For a simple test, we can use the beacons to tell us channel utilization if the QBSS load element is available:



Experiment: how does actual throughput and channel utilization change as we vary datarate?  We can vary the datarate by changing the supported MCS Index values at the AP; since wifi client and AP communication is a sort of negotiation (i.e. both sides announce what they support, and the highest common parameters are usually chosen).  We can use a laptop for test with an Intel 7265 wifi radio; this supports 802.11abgn-ac 2x2:2 adapter and we will work on a 5GHz/20MHz channel.  The chipset will actually do 40 and 80MHz bandwidth, but for testing, we will limit to 20MHz so we can easily see the effect on channel utilization on a single channel.

The MCS Index table for support in this case: 144.4Mbps should be max with 802.11ac capability disabled (Intel 7265). Wireless client is iperf3 test client (so TCP client, and sends data) and report read receiver values (they do differ, slightly - due to packet loss maybe?)

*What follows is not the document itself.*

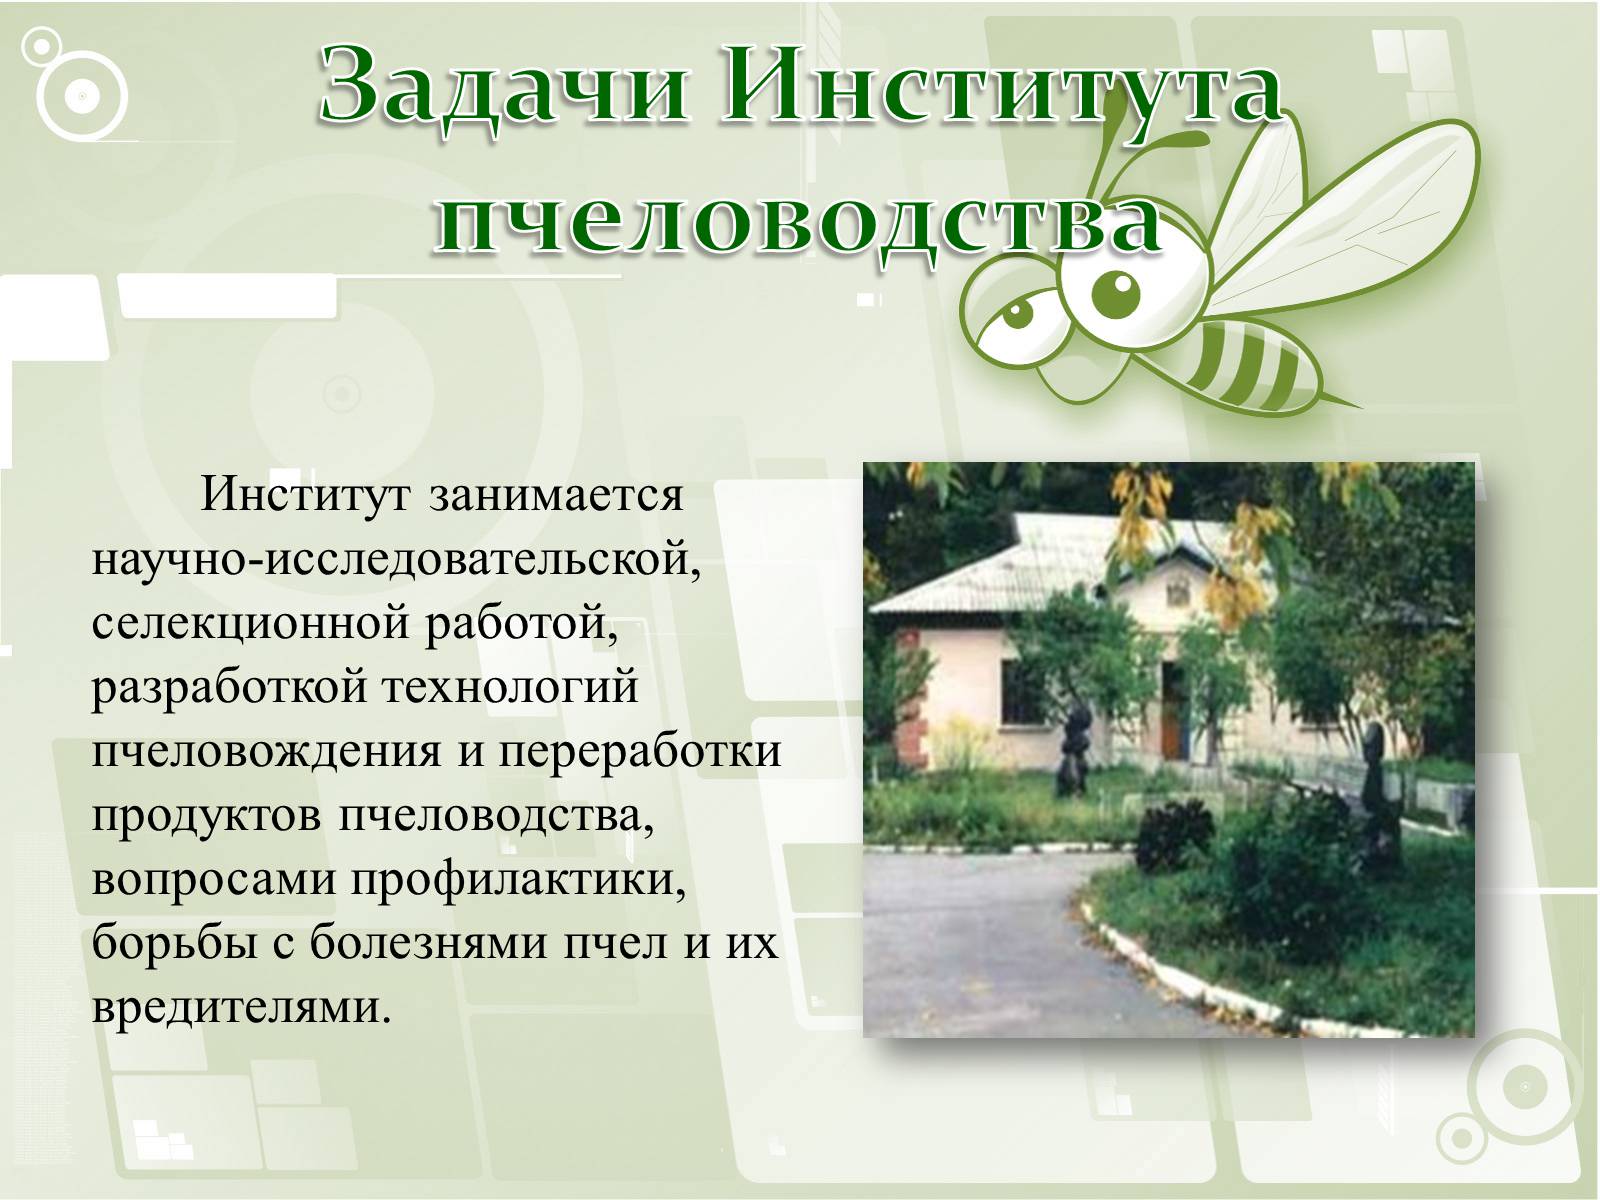 Презентація на тему «Национальный музей пчеловодства Украины» - Слайд #7

admin@kali:~$ iperf3 -c 192.168.30.21 -f m -i 1 -t 10
Connecting to host 192.168.30.21, port 5201
[ 5] local 192.168.30.157 port 38148 connected to 192.168.30.21 port 5201
[ ID] Interval Transfer Bitrate Retr Cwnd
[ 5] 0.00-1.00 sec 5.63 MBytes 47.2 Mbits/sec 1 269 KBytes
[ 5] 1.00-2.00 sec 13.7 MBytes 115 Mbits/sec 0 570 KBytes
[ 5] 2.00-3.00 sec 13.5 MBytes 114 Mbits/sec 0 706 KBytes
[ 5] 3.00-4.00 sec 13.8 MBytes 115 Mbits/sec 0 706 KBytes
[ 5] 4.00-5.00 sec 12.5 MBytes 105 Mbits/sec 0 748 KBytes
[ 5] 5.00-6.00 sec 12.5 MBytes 105 Mbits/sec 0 783 KBytes
[ 5] 6.00-7.00 sec 5.00 MBytes 41.9 Mbits/sec 41 256 KBytes
[ 5] 7.00-8.00 sec 12.5 MBytes 105 Mbits/sec 0 554 KBytes
[ 5] 8.00-9.00 sec 12.5 MBytes 105 Mbits/sec 0 621 KBytes
[ 5] 9.00-10.00 sec 13.8 MBytes 115 Mbits/sec 0 738 KBytes
- - - - - - - - - - - - - - - - - - - - - - - - -
[ ID] Interval Transfer Bitrate Retr
[ 5] 0.00-10.00 sec 115 MBytes 96.8 Mbits/sec 42 sender
[ 5] 0.00-10.04 sec 112 MBytes 93.3 Mbits/sec receiver

To get at RSSI we want to look at both sides as we need frames to go back and forth; if the AP power is much higher than the wireless client, then it's entirely possible for the client to continue to hear the AP, but the AP cannot hear the client which causes roaming problems as roaming is typically a client decision.  Buying a more powerful AP for better coverage is not always the answer; actually turning down the AP power to balance with the clients is often a better design decision.  From the client we can get RSSI signal strength from the AP:

admin@kali:~$ iwconfig

wlan0 IEEE 802.11 ESSID:"LWAPV6"
Mode:Managed Frequency:5.825 GHz Access Point: A0:E0:AF:4E:B0:6F
Bit Rate=144.4 Mb/s Tx-Power=22 dBm
Retry short limit:7 RTS thr:off Fragment thr:off
Power Management:on
Link Quality=66/70 Signal level=-44 dBm
Rx invalid nwid:0 Rx invalid crypt:0 Rx invalid frag:0
Tx excessive retries:0 Invalid misc:1 Missed beacon:0

The Cisco AP will give us the signal strength of the wireless client from the AP point of view:


It's also common that AP power is greater than wireless client power, so the client RSSI as measured at the AP will likely be the minimum of the two values.  However, there is no guarantee of this being true.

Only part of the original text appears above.